IMF SDN: A Banking Union for the Euro Area


4 replies on “IMF SDN: A Banking Union for the Euro Area”

I understand why the idea of a banking union is gaining some momentum but I don’t see how the current system of money creation/destruction can be stable.

We’re told a union ”would narrow gaps in the design of the monetary union, enhance confidence, and strengthen the basis for financial stability, sound credit”

First, bearing in mind that money comes from bank loans, is created with an even higher debt and ‘deleted’ again as the debts are settled how can this system possibly provide the basis for financial stability?

Second, the idea of ‘sound credit’ seems like it might provide more stability. However, banks can only create the principal of each loan and they have to expect the principal plus interest back. As a result what’s in circulation is the principal, or partial principal or every recent loan. What’s owed back is the principal plus interest.
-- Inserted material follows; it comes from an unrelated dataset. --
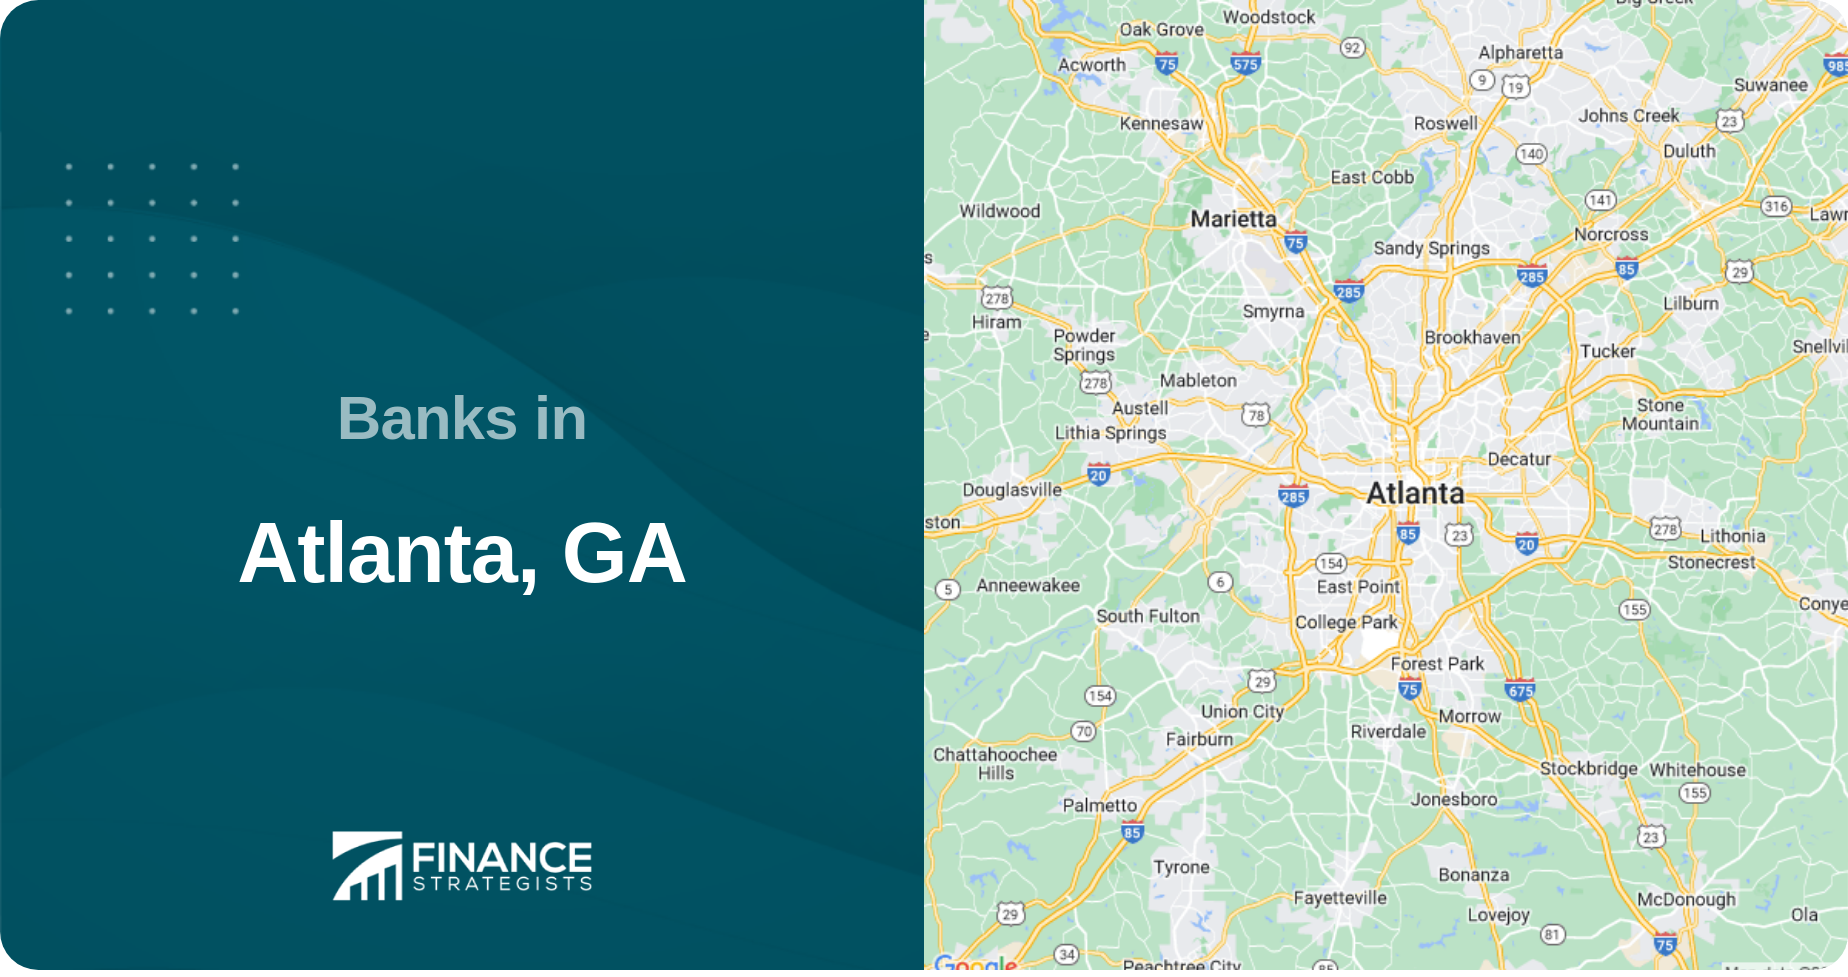 Banks in Atlanta, GA

It’s inevitable that people will default on this system and this is the case even is banks created credit only for those with the highest credit rating. Even ‘sound credit’ can’t provide stability to this system.

The word ‘patient’ is mentioned a lot, as in, ‘As a patient, deep-pocket investor, the ESM etc….’

If our government were to apply this banking union method to the resolution now of the 2008-12 banking crisis phase in Ireland, ‘patience’ would be to the fore. There would be no excessively rapid sell-off of government shares in
the ‘viable’ banks, rather a patient wait until shares were at the ‘net gain’ point, where gains on shares held in the viable banks would offset, or substantially offset, losses in AngloNationwide.